# What view do you hold of Maxwell Davies' Symphonies?



## kanishknishar (Aug 10, 2015)

Mr. Maxwell Davies passed away recently at the ripe old age of 81. A long life which bore numerous fruits - for he was prolific!

He wrote ten symphonies. Have you listened to them? Did you like them? Enjoy them? Love them? Can't live without them? Indifferent?

I myself have only heard his Fifth symphony. Very typically modernist. But I shall be hearing his gigantic First tomorrow. That should be fun.

Oh and if you want to try his symphonies: Have a go at it!

I hope you enjoy these works. If you don't perhaps try his Strathclyde Concertos?


----------



## Becca (Feb 5, 2015)

I have only heard his 10th and last and was quite impressed by it. I am also familiar with a couple of his Strathclyde Concertos, the 9th and 10th, but don't know them well enough to comment.

P.S. You really need to include an option for those who have only heard one or two of the symphonies.


----------



## kanishknishar (Aug 10, 2015)

Becca said:


> I have only heard his 10th and last and was quite impressed by it. I am also familiar with a couple of his Strathclyde Concertos, the 9th and 10th, but don't know them well enough to comment.
> 
> P.S. You really need to include an option for those who have only heard one or two of the symphonies.

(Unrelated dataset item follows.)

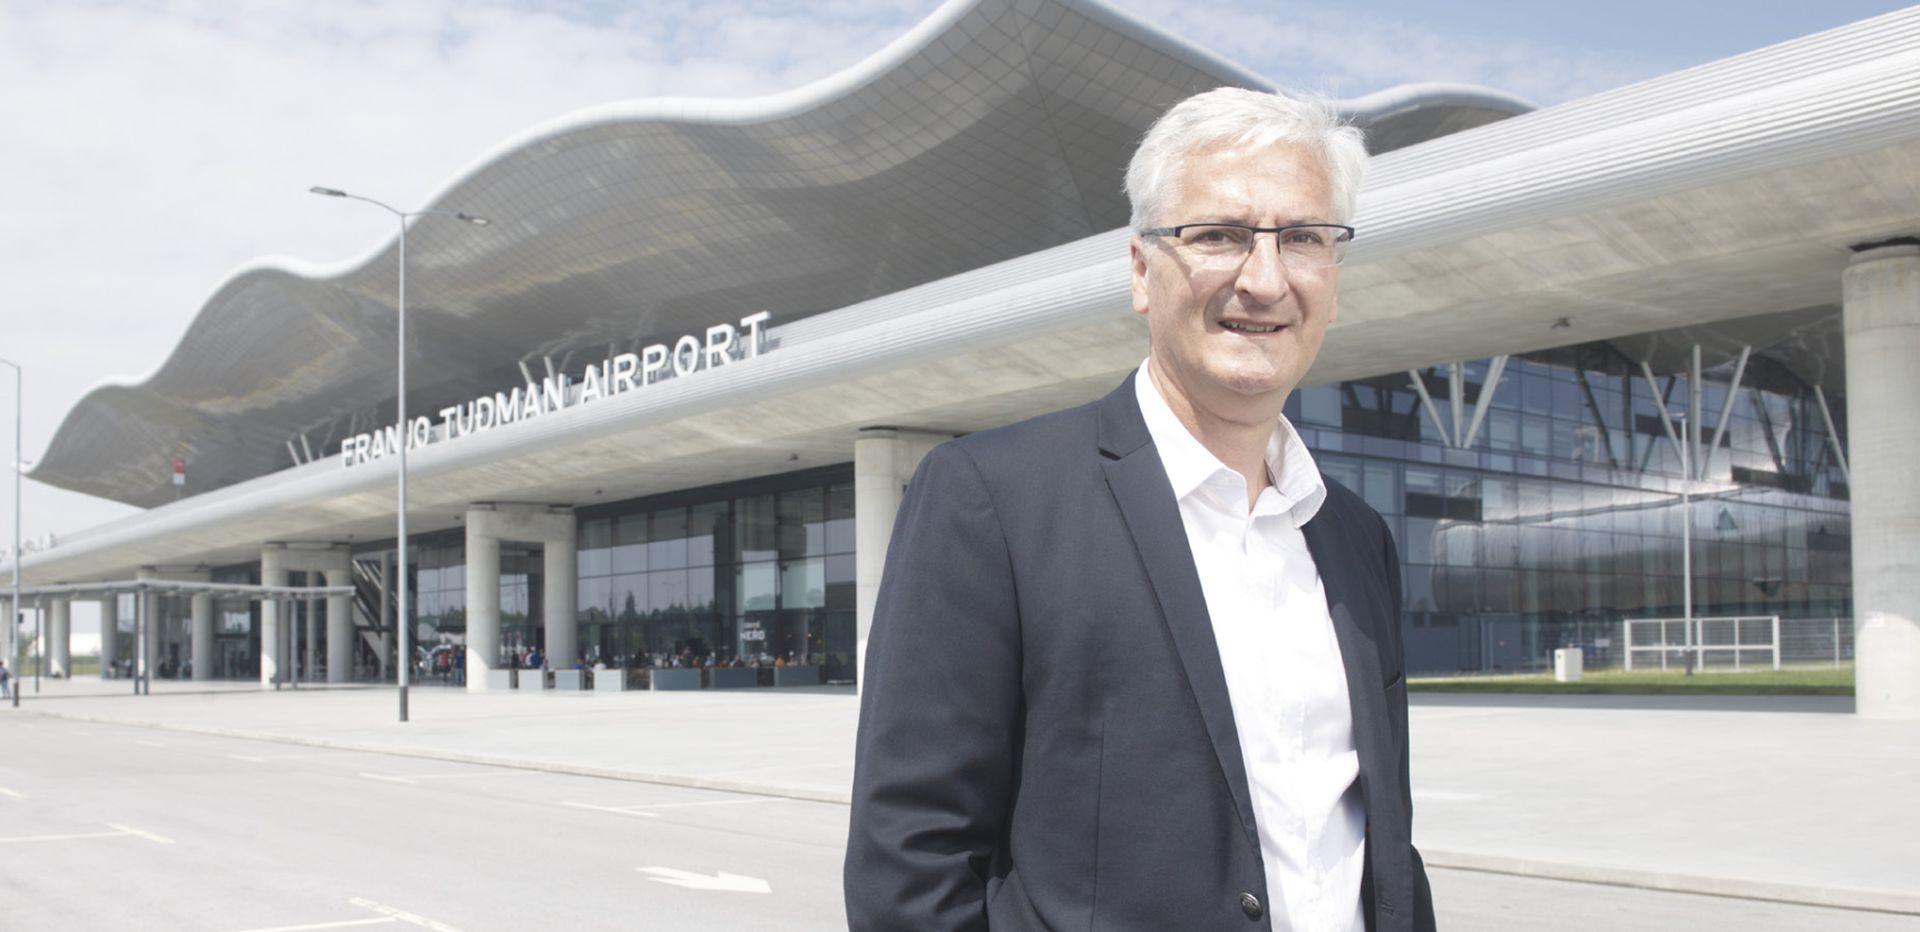 'Investicija od 300 milijuna eura za zagrebačku zračnu luku isplatit će se vrlo brzo'

I cannot edit the poll options.


----------



## Pugg (Aug 8, 2014)

I haven't heard his symphonies but I certainly will now! :tiphat:


----------



## gardibolt (May 22, 2015)

I know people tut tut movie soundtracks here, but Maxwell Davies' score for Ken Russell's THE DEVILS (1971) is a classic.


----------



## Art Rock (Nov 28, 2009)

I don't like throwing terms like "masterpiece" around willy nilly, so I went for the second option. I think his Strathclyde concertos are possibly his best set of works. Anyway, a composer worth exploring.


----------



## Guest (Mar 20, 2016)

I've heard most of them--the 3rd is my favorite. Very dense and contrapuntal--not an easy listen.


----------